Moreno assumed the presidency during a ceremony in Ecuador's congress before some 12 heads of state from around Latin America.

His cabinet, announced Tuesday after weeks of backdoor haggling inside the ruling party, seeks to follow through on his campaign pledge to open up a dialogue with the private sector that was largely shunned by his predecessor and political mentor Rafael Correa, who surrounded himself with ideological loyalists.

Several business executives were included in the cabinet, including a member of the Noboa family, among Ecuador's wealthiest, as trade minister. Eight women were also appointed to key positions, including foreign minister and central bank president.

"There can't be dialogue without freedom of expression," Moreno said in an apparent olive branch to Ecuador's media, which faced frequent government harassment under Correa.

Moreno came from behind in polls and narrowly defeated conservative banker Guillermo Lasso in an April runoff widely seen as a referendum on Correa's so-called "Citizens' Revolution." Moreno was Correa's first vice president.
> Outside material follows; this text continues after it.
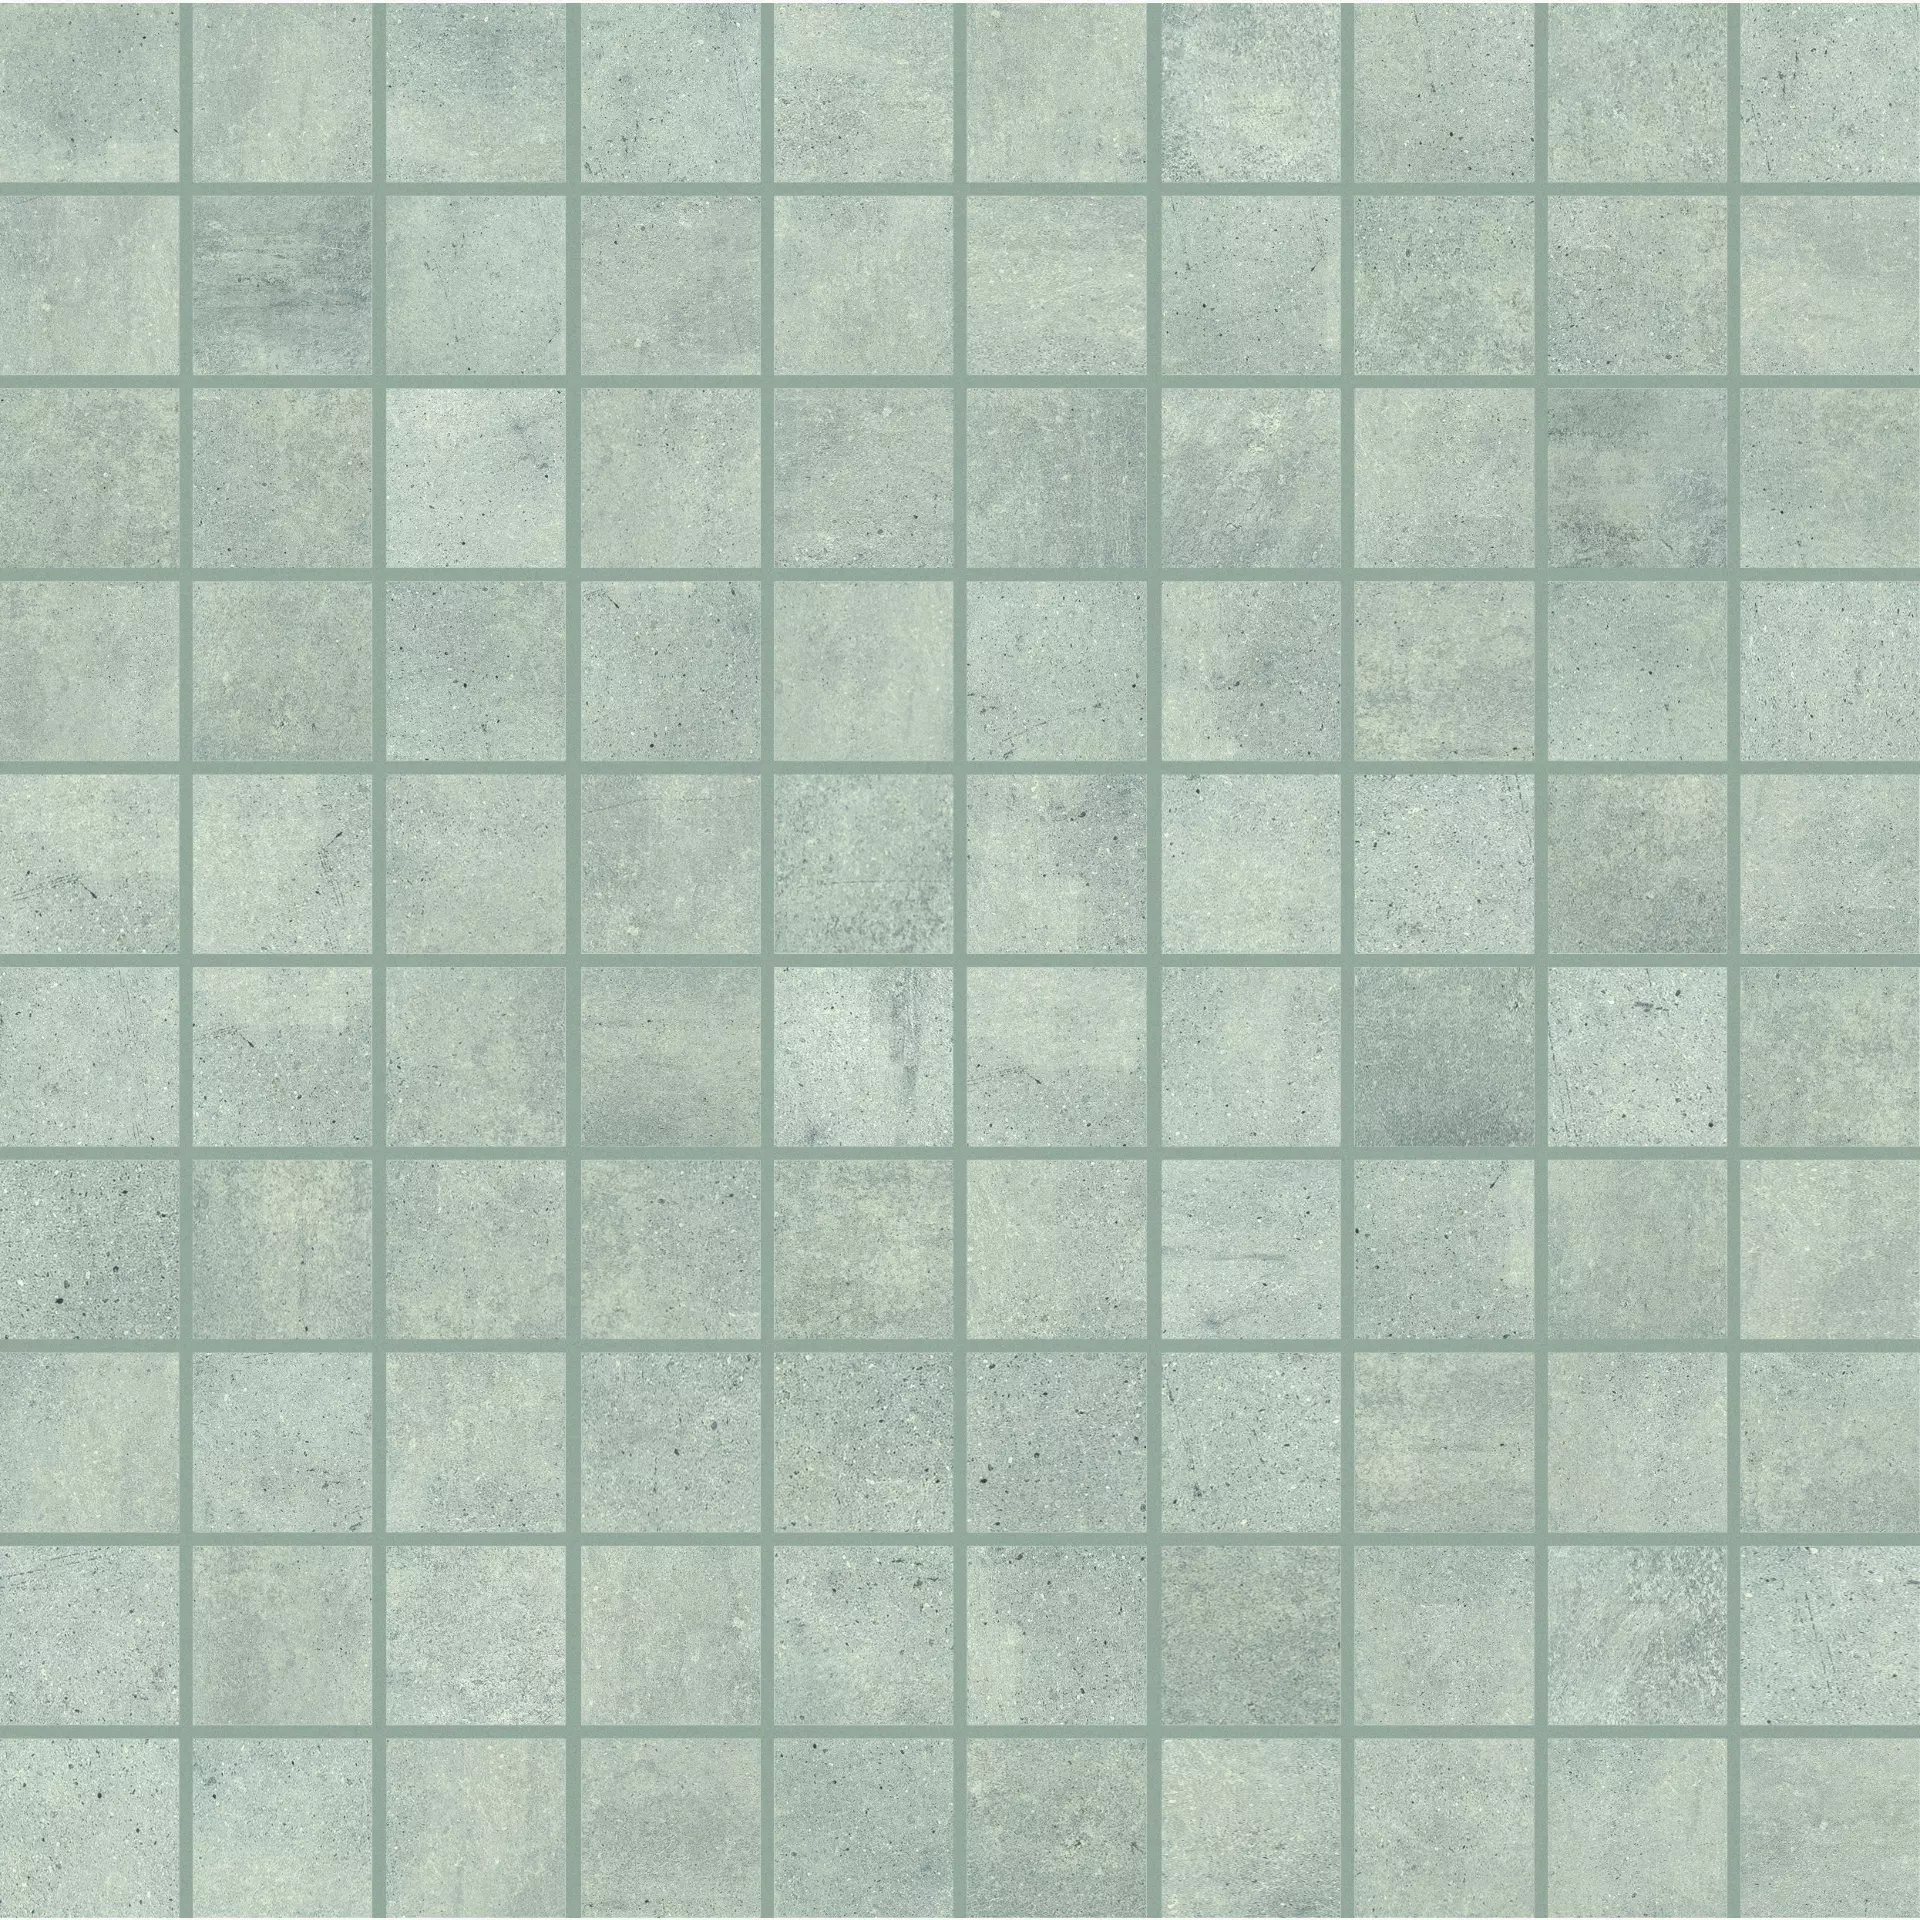 Florim Rawtech Raw-Dust Naturale – Matt Mosaic 3x3 753906 3x3cm rectified 9mm

While he benefited from the popularity of Correa's social programs, Moreno is counting on private investment to help revive the dollarized Ecuadorean economy, which is mired in recession because of a collapse in oil prices and its dependency on the strong U.S. currency, which has hurt manufacturers competing against cheaper imports.

Moreno, who uses a wheelchair after losing mobility when he was the victim of a botched robbery, dismissed the idea of abandoning use of the U.S. dollar as the country's currency, adopted during an inflationary spiral and banking crisis 17 years ago.

"We're going to sustain dollarization. There won't be any parallel currencies," he said in his inaugural address while promising an "austere" administration.

But economists warn that unpopular cuts to public spending will likely deepen Ecuador's economic woes in the short term. Any cuts could stir tensions with supporters of Correa, who has said he's ready to come out of political retirement and run again for the presidency if Ecuador's problems become unmanageable.